Our game state is simple. It is the representation of the game at one particular instant (or tick), as we know it.

If this was a single player game it would be easy to reason about, since time only marches forward and our game state can only be affected by one person. Once you add multiplayer to the mix, things get a fair bit more complicated.

Given that all our players are executing roughly the same tick at the same time, and the latency between them could be hundreds of milliseconds, its easy to see that by the time Player 1 receives the input from Player 2, Player 1 is already a handful of ticks ahead.

Player 1 cannot simply execute the inputs as this would break the determinism for our game. They must first roll back their game state to the tick in which the input was executed and resimulate the game with the new inputs applied!

This may seem like a lot of unnecessary work, but it is required to keep our game state in good working order, and of course, deterministic.

Of the three approaches this one is probably the most difficult to get right, and requires you to make hard decisions about what your game can do.

In this article I will detail my journey into creating a deterministic game engine!

Determinism

The biggest issue with this type of engine is keeping everyone in sync, all the time. Every tick has to execute the same way, at ideally the same time, across a dozen different devices. For a given input into the system the same exact output must occur, otherwise your peers will quickly slip out of sync with you causing their game to behave unpredictably when they receive your inputs.

Physics Engine

The hardest part of assuring determinism is your physics engine. Even though floats are by definition deterministic (although seemingly chaotic), the precision involved to maintain determinism is incredibly high.

32.00000001 * 32.00000001 = 1024.00000064

32.00000001 * 32.00000002 = 1024.00000096

While the end result feels infinitesimally small between these two statements (and it is), compounded over many thousands of game ticks, this will result in a deviation that is not only noticeable to the player, but also breaks the determinism of our game.

Most JavaScript based physics engines struggle with maintaining determinism.
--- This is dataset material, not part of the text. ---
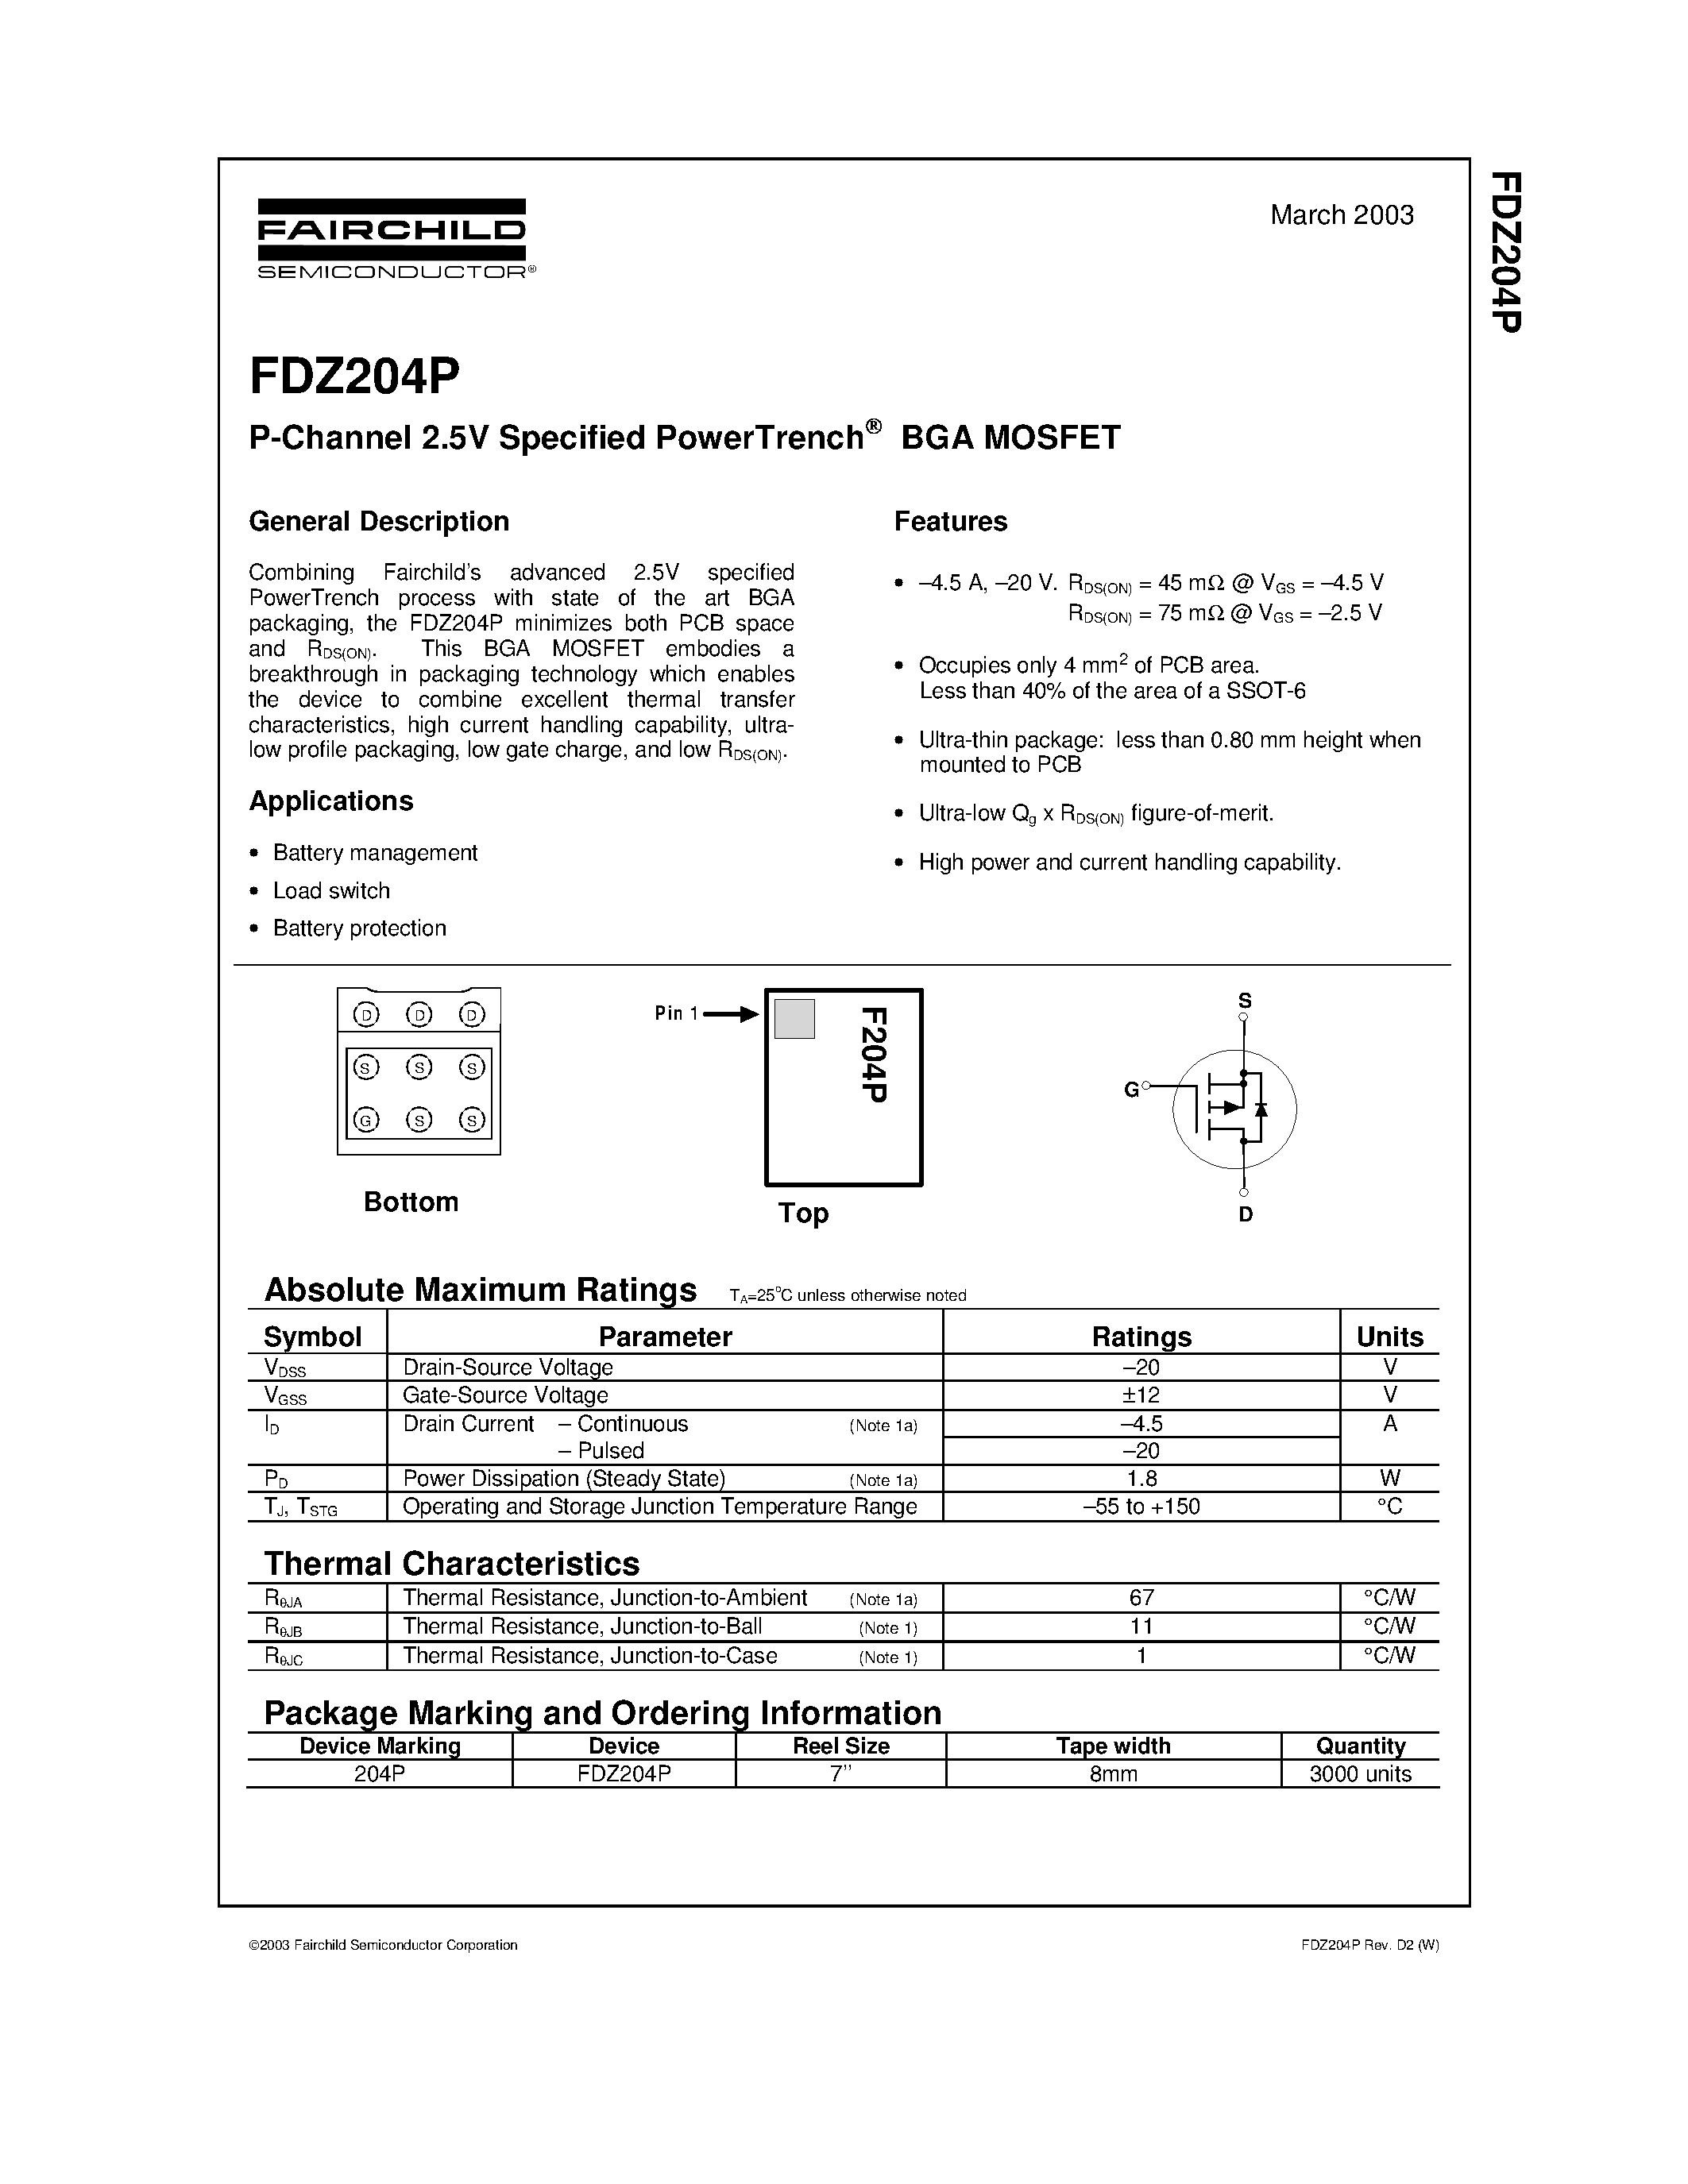 Datasheet FDZ204P - P-Channel 2.5V Specified PowerTrench page 1

There are simply too many variables to keep track of, and too much variability in execution to faithfully reproduce the same results for the same inputs over long periods of time.
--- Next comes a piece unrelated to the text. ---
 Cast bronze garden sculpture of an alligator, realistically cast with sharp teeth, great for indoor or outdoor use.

This was a major problem for QuickGame. We went through every major JS physics engine, from Cannon, to Ammo, to Oimo, and they all fell short on maintaining determinism.

Eventually we discovered the incredible Rapier.JS. This is a Web Assembly physics engine with a lot of cool features, the most important of which is that it is completely deterministic in its execution. For a given input, say five bouncy balls with a certain mass, rotation, position, velocity, it will always play out the exact same way.

Random

Random numbers are another important feature of gamedev, but random numbers are supposed to be just that, random, which is ideally not deterministic.

Since JavaScript's Math.random() is especially not deterministic, we needed to use a seed based random number generator. This will produce the exact same result for a given number of calls. For this we use Prando which uses an xorshift to produce its next random number for a given seed.

info

Calling this random number generator the same number of times is critically important. One extra, non deterministic call, and our game state will fall out of sync.

Game State

Now that our physics engine is deterministic we can move on to the other hard problem, keeping our game state in sync.

Our game state in QuickGame contains things like our Game Objects, Heads Up Display information, timers, player details, etc. It is one big serializable object that represents our game at a single tick in time.

Given the nature of our rollback system, we must be able to roll back to any tick in the past, and re-run our game logic. Because of this, we must store in memory all the previous Game States we have executed, going back to the earliest player input we have available.

info

Said differently, if we have inputs from all players going back to at least tick 1000, we can safely remove all Game States prior to that, as we will never need to roll back further than that point.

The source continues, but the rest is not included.